The summer quilts have been put away and the comforters taken out, a sure sign that summer will soon be a warm (if too dry and hot) memory. But there is much to look forward to this fall: a visit from my sister and niece to see a musical here, a visit from my mom for my birthday, and a visit from my sister and her kids for Thanksgiving (finally I get to cook another scrumptious turkey with her!). Welcome fall!

Saturday, September 11, 2010

Change

There is a bittersweet flavor to the transition from summer to fall: the days get shorter, the days cooler, and the nights more pleasant, and apple season is upon us in earnest.

Our nearby orchard produces scrumptious apples, a little tart, which I prefer, and which make for perfect pies. Now that, thanks to The Joy of Cooking, I have finally figured out how to fully cook the bottom crust of my fruit pies and how to avoid having a soupy pie, baking end-of-summer-start-of-fall apple pies is a lot more fun. I'm just sorry that my dad, who loved my apple pie, didn't get to taste my perfected pièce-de-résistance above. He would have appreciated it very much.

In addition to the apple boom, fall weather brings outside fires, which my husband likes to build in the iron grate that we bought a year or so ago at a community flea market for all of 50 cents. There's plenty of small wood pieces strewn all over the yard to get the fire going and my husband keeps some of the firewood that we inherited from the previous owners of the house in our shed, to protect it from the elements. A lot of the firewood is decomposing at one side of the yard precisely because the former owners didn't protect it from rain, etc.

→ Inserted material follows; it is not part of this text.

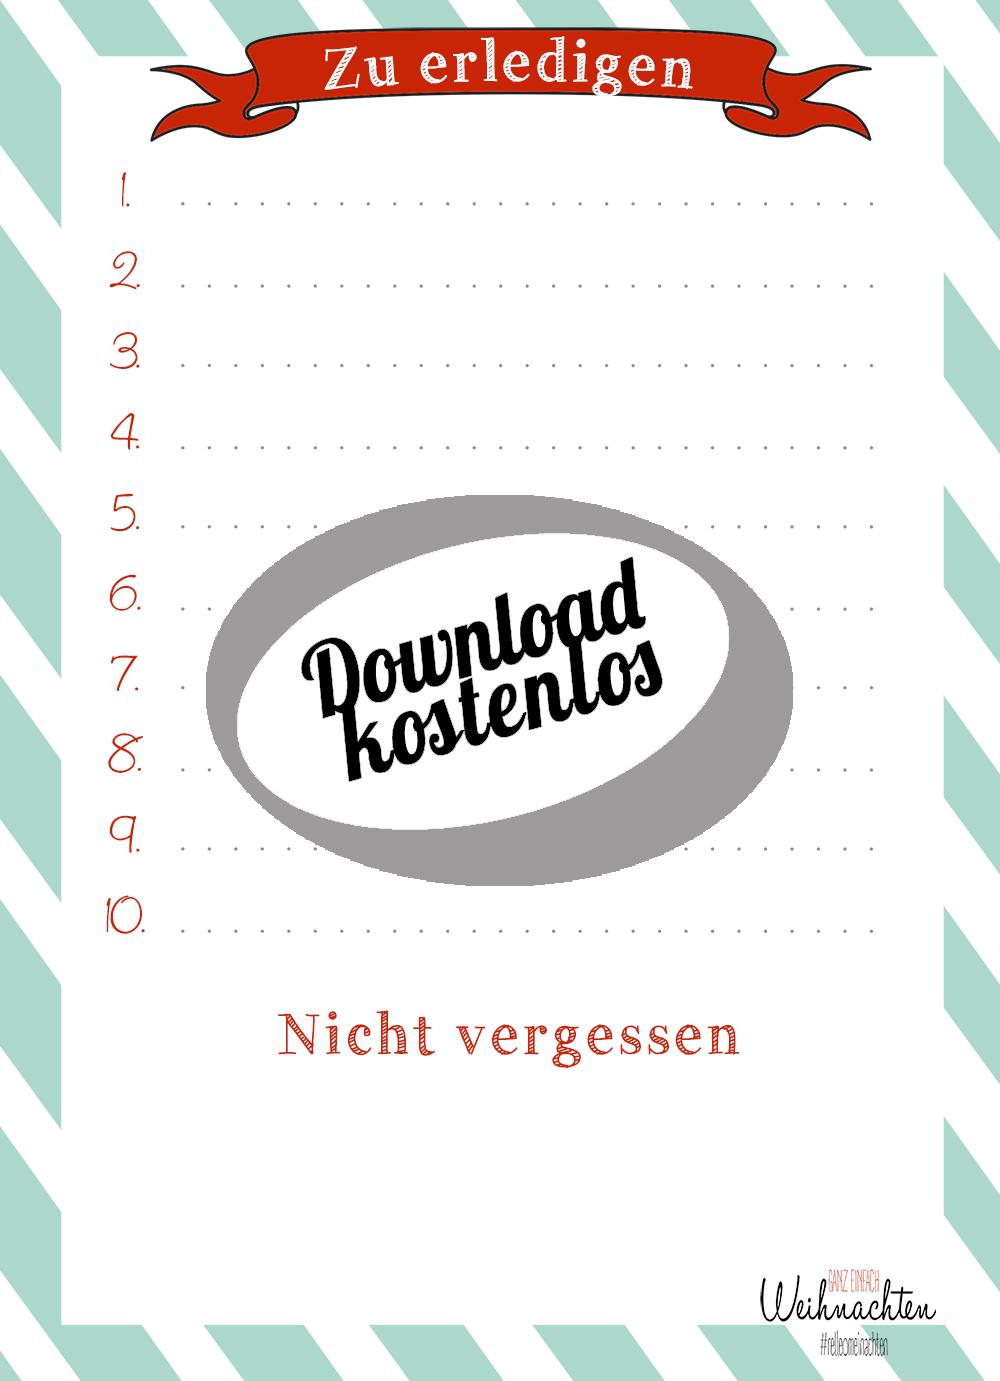 Todo Liste als kostenloser Download - Weihnachtsliste | relleomein.de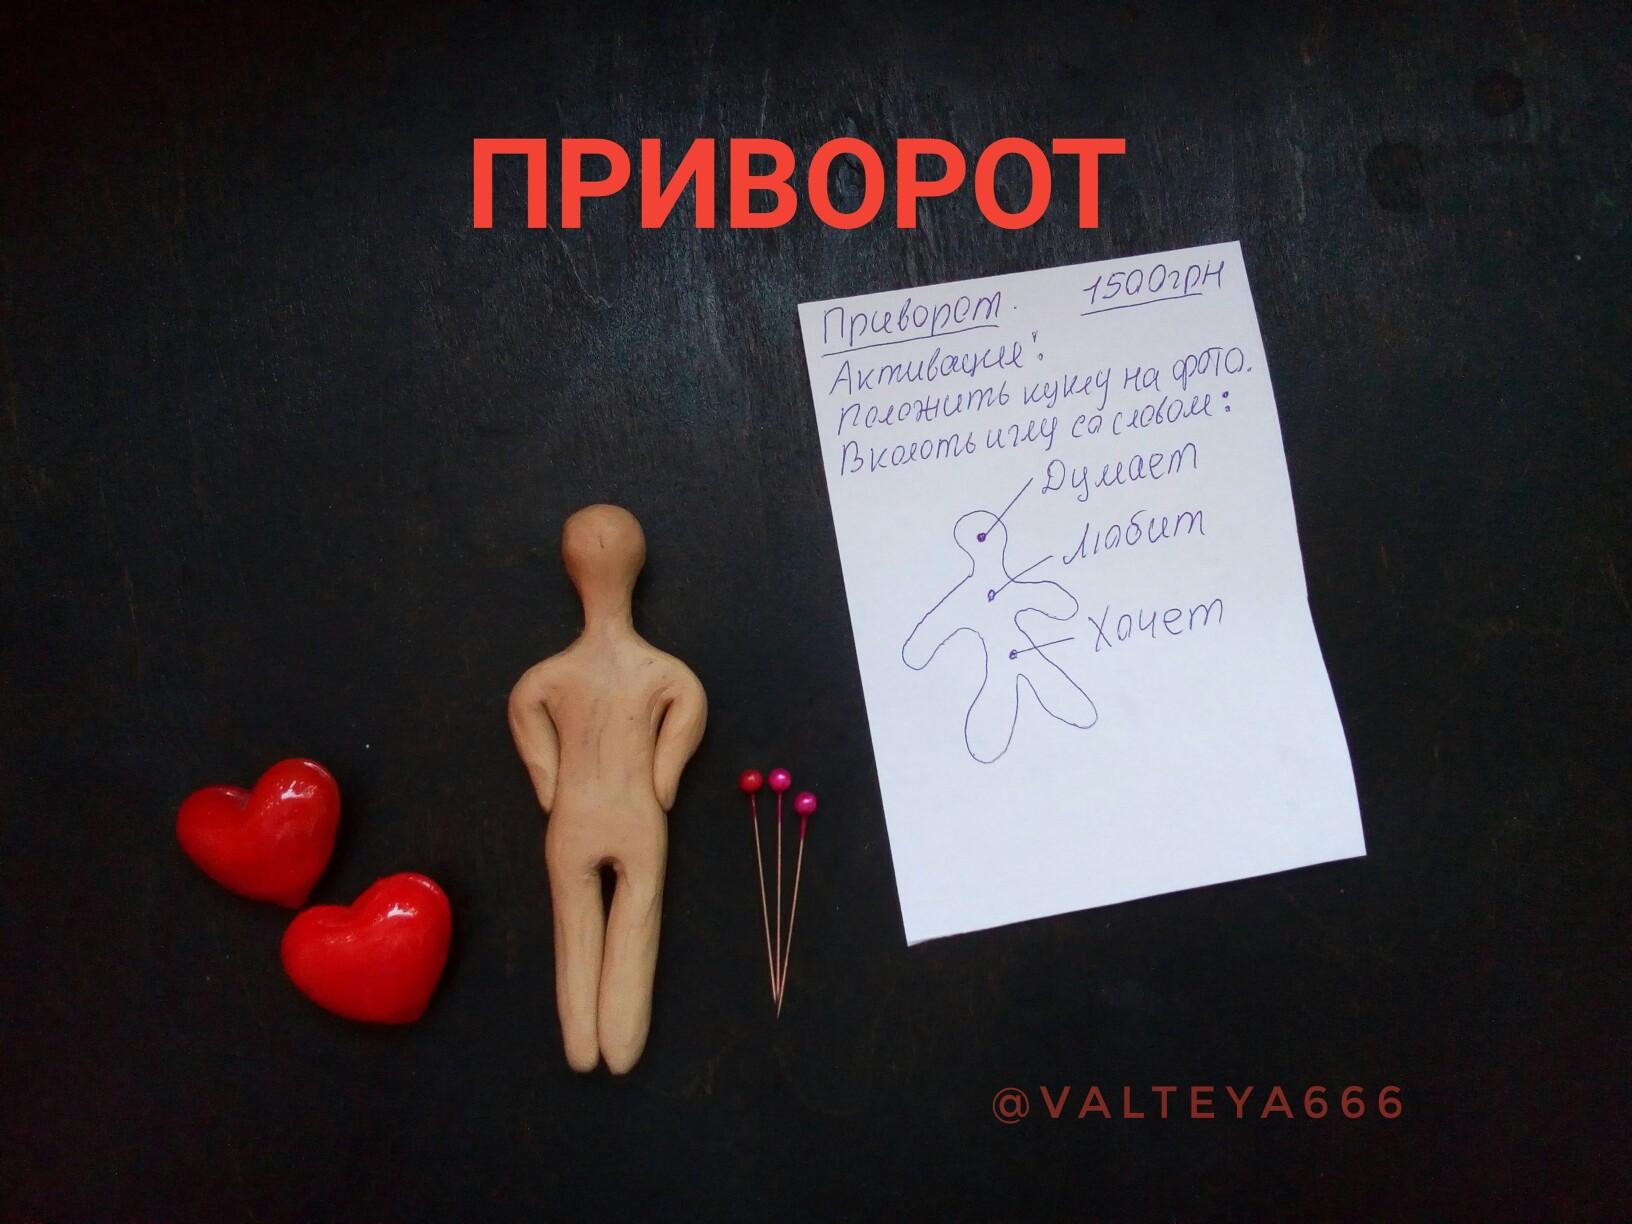 эзотерика - Куклы-талисманы для привлечения благ. Черный Вольт и бамбуковые иглы для пожизненно  - Страница 2 RfeQAR7DxMI

Inside the house, my husband has set up the sewing machine that I inherited from my abuela, her last Singer from the 1960s, in my office. I found a man who restores Singers in the nearby town and he gave it back to me almost unrecognizable in its improvement. I've started taking a beginning quilting class, which will meet for the next eight weeks, and I've started work on a small, quilted fall-inspired wall hanging (nothing fancy or ambitious). I've quilted once before, in 2008, but have basically forgotten it all and tonight had the hardest time trying to figure out how to get the bobbin to work with the needle of my abuela's machine!

Monday, September 6, 2010

Sun and moon

On a recent evening, my husband suggested that we take a motorcycle ride to visit a nearby dam, where we had been before. I wasn't too happy with the idea, thinking it wouldn't be particularly fun since it wasn't a particularly special place. But, oh, how wrong I was.

When we arrived, the sun had begun its setting journey into the horizon and my husband was able to capture the picture above as a solitary fisherman came into the sun's path, shimmering on the golden water.

Rather poetically, and directly on the opposite side, the moon was already full and rising to claim domain over the darkening skies.

As we walked on the dam's edge, we came across an elderly couple, who told us that they often walk there because it's so beautiful. In their late 70s or early 80s, they were still holding hands and chatting with one another, making me wish that my husband and I will be like that, still friends and loving companions after so many, many years.

Sort of like the sun and the moon coinciding on a magical evening.

Saturday, September 4, 2010

Late summer/early fall

Even the road most traveled looks freshly new and inviting on such a glorious day.

Friday, September 3, 2010

Chiquita The Blur

It's nice to end the week by spending time with "the kids" in the backyard. My husband throws Lizzy's favorite toy, a squeaky plastic doughnut, and she runs as fast as she can to get it and, after her, runs Chiquita, trying to catch up to her sister while yapping frantically.

My husband tried to capture the tiny Chihuahua in her run and got her airborne, in a blur, running like the wind after the bigger dog.

I have often said that dogs are great teachers, and ain't that the spirit to emulate? To believe in your heart you can accomplish something, even if there's no chance you can.